Only chemists are experts on Carbon, which is present in all life forms on earth. Others who claim to be experts on memorial diamond creation, like gemologists, simply are not. Gemologists are experts in the evaluation of stones, not in their creation or classification (which falls into the realm of geology and chemistry).
In each section of this article, we’ll give you in-depth science and documented research. Then, we’ll summarize it all in more layman terms.
Here’s what we’ll cover:
There are a total of 92 unique elements found in the human body, with each contributing to the makeup of our bodies in its own way.
However, only 11 elements are found in a considerable quantity (more than 0.01%). Of those 11 primary elements making up the composition of the human body, there are 4 key elements that can be considered the essential make up for the human body.
The 4 elements that make up 96.2% of the average person are:
Source: Arizona State University Chemistry Department
Because our body is about 60% water (H2O), Oxygen and Hydrogen play a pivotal role in our total make up. Carbon and Nitrogen are each major players in the formation of DNA, and Carbon in particular can be found throughout the body in various bonded compounds helping to form our bones, muscle tissue, major organs, skin and even hair.
The reason for Carbon’s leading role in the makeup of all organic life has to do with the 4 bonds available in every Carbon atom. It’s important to note that none of these elements shown below are found freely within the body but rather bonded together to form compounds. (Source)

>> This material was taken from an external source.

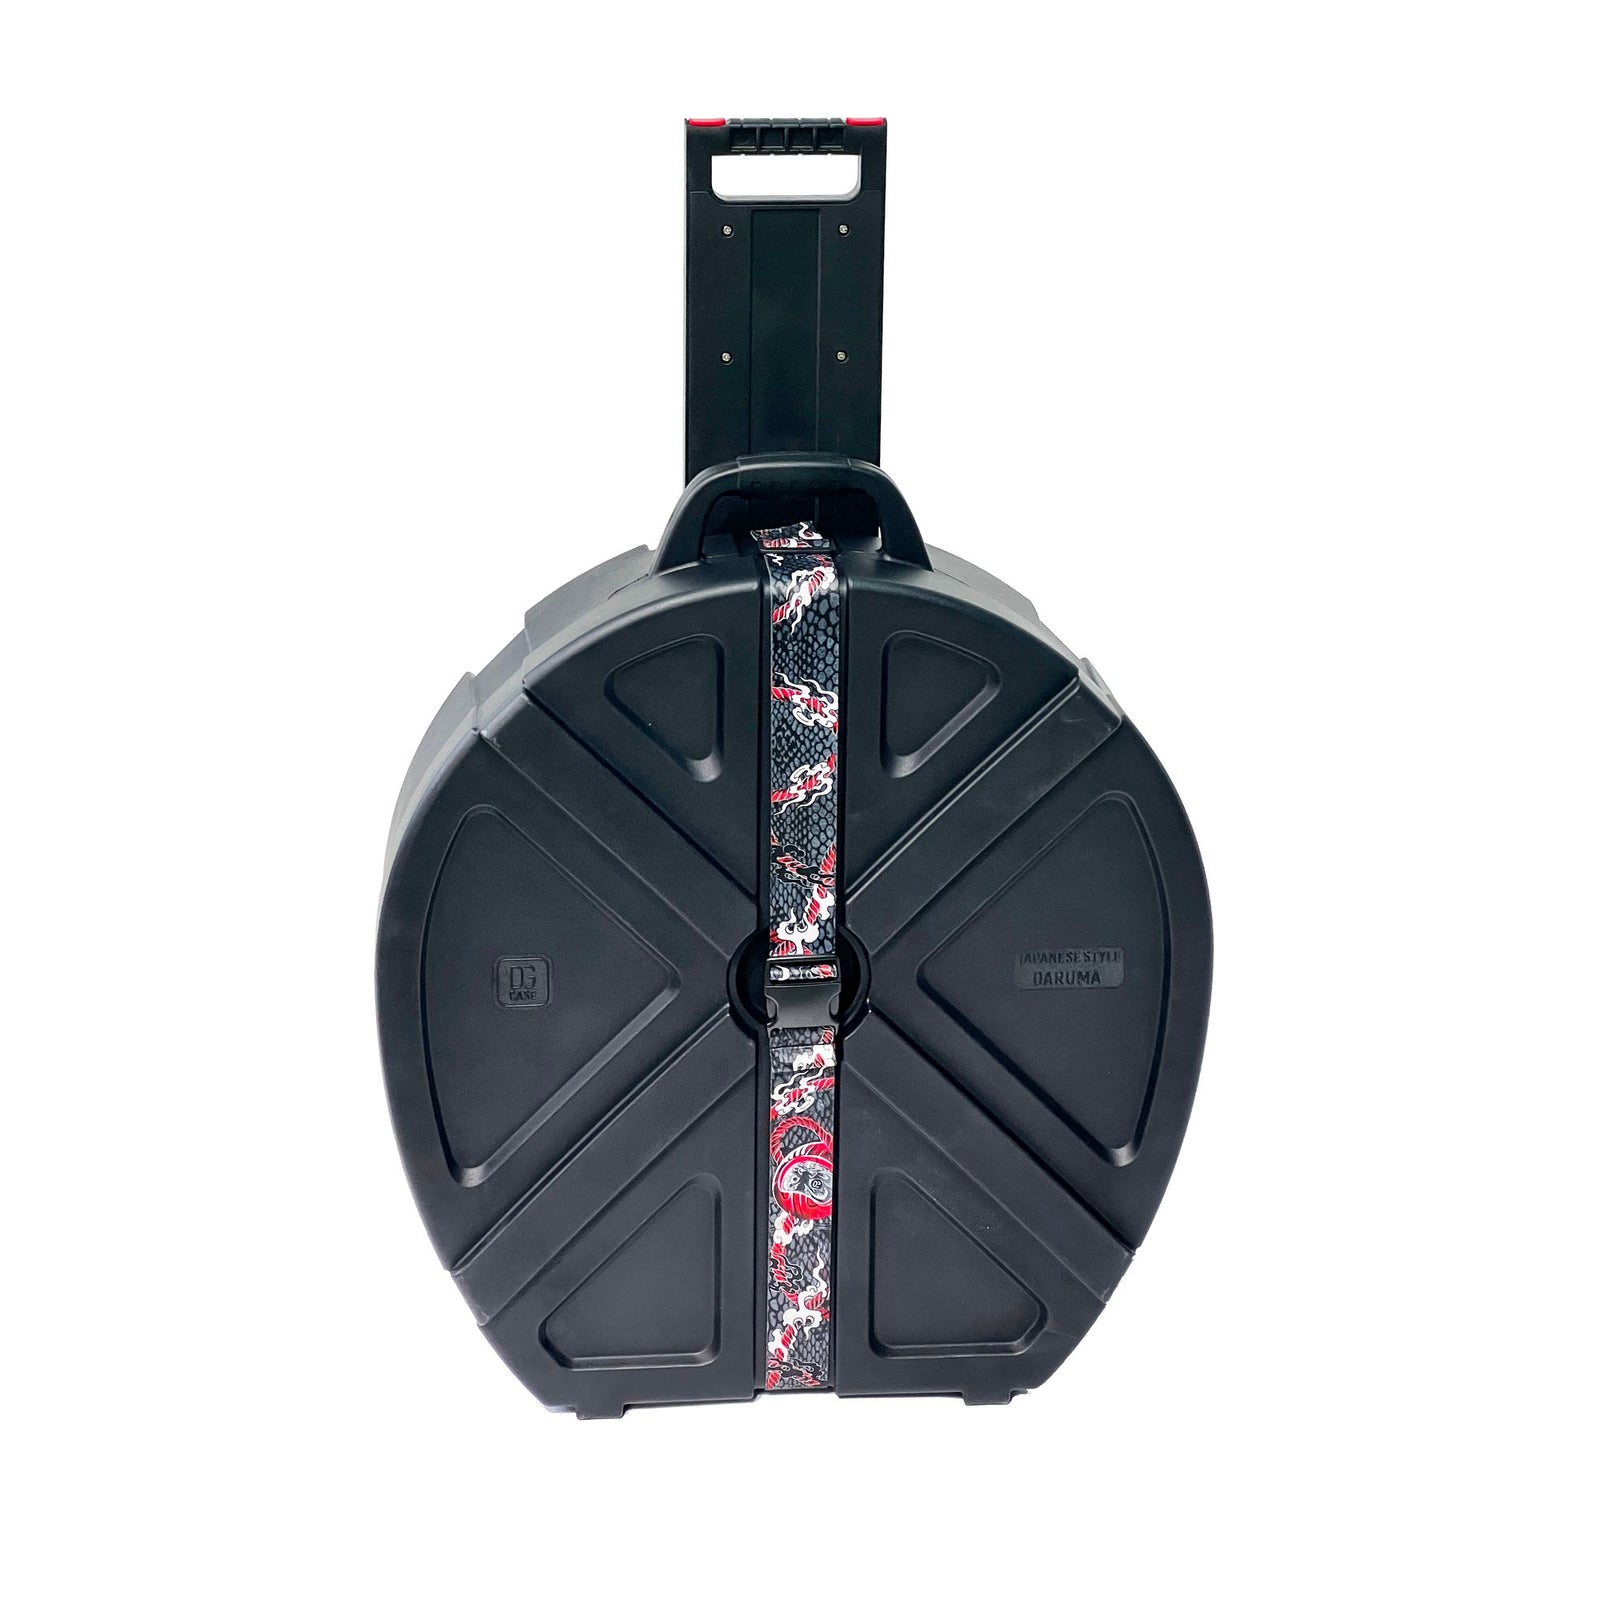 24" in Cymbal HardCase - usefull for Cymbals & Round Drum Shield (DARUMA24-01A-BLACK)

Carbon, being the primary building block in all organic life, exists in our bodies in a wide variety of compounds. This can vary from the well known Carbon-Dioxide (C-O2) or Methane (C2-H4) to less known terms like Calcium Carbonate (C-Ca-O3) or Carboxylic Acid (C-O-O-H).
Each of these compounds serves its own purpose within the body and each compound varies in the amount of energy required to break its bonds.
*Molecular Structure of various Carbon compounds (source: Eterneva)
Human bodies are nearly 1/5th Carbon, and most of that Carbon is bound to other things like Oxygen, Hydrogen and Calcium. It’s a good thing, because if it was just Carbon alone, we’d be 1/5th black coal!
Carbon is so important in all life that we have a branch of chemistry which JUST covers molecules with Carbon in them called Organic Chemistry.
Cremation as a funeral service has existed and been in practice dating back over 17,000 years.
While it has been used throughout history as an alternate method to burials and has ranged in popularity throughout our history depending on time period and region of the world, recently cremation has gained high popularity across the globe and particularly in the United States.
In the United States, the cremation regulations vary state by state in terms of standard temperature and duration. Depending on the state, temperatures may range from 1,400°F to 1,800°F while internal conditions are monitored constantly to determine when cremation is complete based on a person to person basis (Source).
After cremation, the body is reduced to primarily skeletal remains and base elements which are crushed into powder. The typical cremation will result in 3-7lbs of remains composed of bone fragment and powderized ashes in the form of a white to light grey powder.
After undergoing the cremation process of 1,400°F to 1,800°F, the amount of remaining Carbon is greatly reduced from 18.5% to roughly 1-4% due to much of the Carbon being burned off in the form of Carbon Dioxide that exits the cremation chamber.
The remaining Carbon is primarily in the form of Carbonate compounds such as Calcium Carbonate that remains in bones. A Carbonate is, by definition, “a polyatomic anion with the formula CO3 which consists of a Carbon atom surrounded by three Oxygen atoms” (Source).
These Carbonates have a much higher bond strength than weaker Carbon based compounds prevalent in hair and muscle tissue. In addition, bones can act as thermal insulators for Carbon prevalent in bone marrow and other tissues that may not reach the heat required to decompose the available Carbon depending on the cremation conditions and duration of time held at the given temperature.
This can result in Carbon being found present within bone fragments even after high heat cremation. While bones are mostly made of Calcium Phosphate, according to Britannica, “Carbonate is also present—in amounts varying from 4% of bone ash in fish and 8% in most mammals to more than 13% in the turtle—and occurs in two distinct phases, calcium carbonate and a carbonate apatite.”
To put it simply:
After cremation, Carbon can be found within bone fragments, even after high heat cremation, the bone insulates the Carbon from combustion. The remaining 1-4% Carbon is found in Calcium Carbonates, the building blocks for bones.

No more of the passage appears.